AIM OF THE EXERCISE — How many lines in the data below include the word "Sale"? Respond with the number, nothing more.

DATASET EXTRACT —

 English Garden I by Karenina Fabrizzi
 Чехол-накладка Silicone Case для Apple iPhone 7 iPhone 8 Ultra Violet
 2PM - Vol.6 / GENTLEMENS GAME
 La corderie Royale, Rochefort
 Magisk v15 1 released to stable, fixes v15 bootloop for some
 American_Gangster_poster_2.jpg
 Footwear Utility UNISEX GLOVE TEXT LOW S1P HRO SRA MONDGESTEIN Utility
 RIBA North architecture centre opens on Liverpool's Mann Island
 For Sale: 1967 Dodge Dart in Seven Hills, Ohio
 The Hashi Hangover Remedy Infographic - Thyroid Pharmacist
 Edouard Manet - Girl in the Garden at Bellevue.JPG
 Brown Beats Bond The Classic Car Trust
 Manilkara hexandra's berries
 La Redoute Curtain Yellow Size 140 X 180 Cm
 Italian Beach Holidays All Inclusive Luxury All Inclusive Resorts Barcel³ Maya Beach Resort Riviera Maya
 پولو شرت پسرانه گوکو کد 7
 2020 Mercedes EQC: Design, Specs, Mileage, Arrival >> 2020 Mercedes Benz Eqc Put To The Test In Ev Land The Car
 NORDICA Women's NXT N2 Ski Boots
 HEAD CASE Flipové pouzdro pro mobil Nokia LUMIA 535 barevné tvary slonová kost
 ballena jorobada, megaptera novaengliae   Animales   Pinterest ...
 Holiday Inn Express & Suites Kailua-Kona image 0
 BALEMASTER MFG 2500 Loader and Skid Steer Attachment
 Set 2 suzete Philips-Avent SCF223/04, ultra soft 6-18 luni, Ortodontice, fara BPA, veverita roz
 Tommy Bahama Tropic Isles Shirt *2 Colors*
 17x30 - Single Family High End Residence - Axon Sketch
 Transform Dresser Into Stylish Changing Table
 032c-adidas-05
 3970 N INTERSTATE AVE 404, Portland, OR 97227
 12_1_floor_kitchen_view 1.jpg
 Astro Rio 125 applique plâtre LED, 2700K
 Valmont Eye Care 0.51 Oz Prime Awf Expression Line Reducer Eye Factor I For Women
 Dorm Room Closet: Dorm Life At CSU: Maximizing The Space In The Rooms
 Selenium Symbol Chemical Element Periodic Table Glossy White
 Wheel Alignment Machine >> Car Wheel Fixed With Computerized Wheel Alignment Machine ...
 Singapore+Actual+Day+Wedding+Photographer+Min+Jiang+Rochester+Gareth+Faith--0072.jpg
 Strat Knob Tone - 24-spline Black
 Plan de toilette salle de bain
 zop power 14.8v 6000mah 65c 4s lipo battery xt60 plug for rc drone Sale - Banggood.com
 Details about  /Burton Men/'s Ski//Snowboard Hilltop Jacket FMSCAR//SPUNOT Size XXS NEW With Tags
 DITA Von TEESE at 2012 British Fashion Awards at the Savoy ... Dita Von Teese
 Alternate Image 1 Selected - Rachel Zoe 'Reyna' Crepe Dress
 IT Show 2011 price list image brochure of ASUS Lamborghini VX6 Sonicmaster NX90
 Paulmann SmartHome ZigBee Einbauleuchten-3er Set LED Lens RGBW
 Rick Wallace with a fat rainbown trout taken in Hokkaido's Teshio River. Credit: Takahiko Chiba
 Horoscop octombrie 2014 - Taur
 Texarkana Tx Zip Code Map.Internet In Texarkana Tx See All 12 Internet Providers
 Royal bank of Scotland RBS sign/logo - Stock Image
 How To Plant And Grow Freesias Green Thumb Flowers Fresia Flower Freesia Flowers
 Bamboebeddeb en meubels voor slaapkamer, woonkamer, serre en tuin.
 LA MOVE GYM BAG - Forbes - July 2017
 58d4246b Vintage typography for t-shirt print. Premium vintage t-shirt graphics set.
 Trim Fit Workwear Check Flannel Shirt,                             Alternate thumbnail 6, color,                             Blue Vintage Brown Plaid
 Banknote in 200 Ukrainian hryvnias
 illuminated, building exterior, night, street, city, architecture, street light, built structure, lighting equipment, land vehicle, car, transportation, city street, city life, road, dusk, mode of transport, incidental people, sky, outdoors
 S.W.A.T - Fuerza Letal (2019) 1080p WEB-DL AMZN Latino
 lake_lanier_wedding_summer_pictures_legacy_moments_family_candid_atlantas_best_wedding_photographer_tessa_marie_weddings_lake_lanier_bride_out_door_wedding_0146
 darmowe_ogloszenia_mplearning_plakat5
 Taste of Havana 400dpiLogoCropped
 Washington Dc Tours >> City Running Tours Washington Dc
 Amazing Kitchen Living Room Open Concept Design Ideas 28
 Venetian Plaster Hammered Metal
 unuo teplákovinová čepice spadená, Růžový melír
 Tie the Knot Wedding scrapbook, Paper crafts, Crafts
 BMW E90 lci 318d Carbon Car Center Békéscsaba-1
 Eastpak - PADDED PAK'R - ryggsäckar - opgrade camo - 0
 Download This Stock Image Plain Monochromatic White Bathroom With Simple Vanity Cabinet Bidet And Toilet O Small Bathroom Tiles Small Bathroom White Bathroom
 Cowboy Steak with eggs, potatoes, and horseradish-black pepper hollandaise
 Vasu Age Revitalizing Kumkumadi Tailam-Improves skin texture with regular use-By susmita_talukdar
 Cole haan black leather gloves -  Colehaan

WRITTEN SOLUTION — 2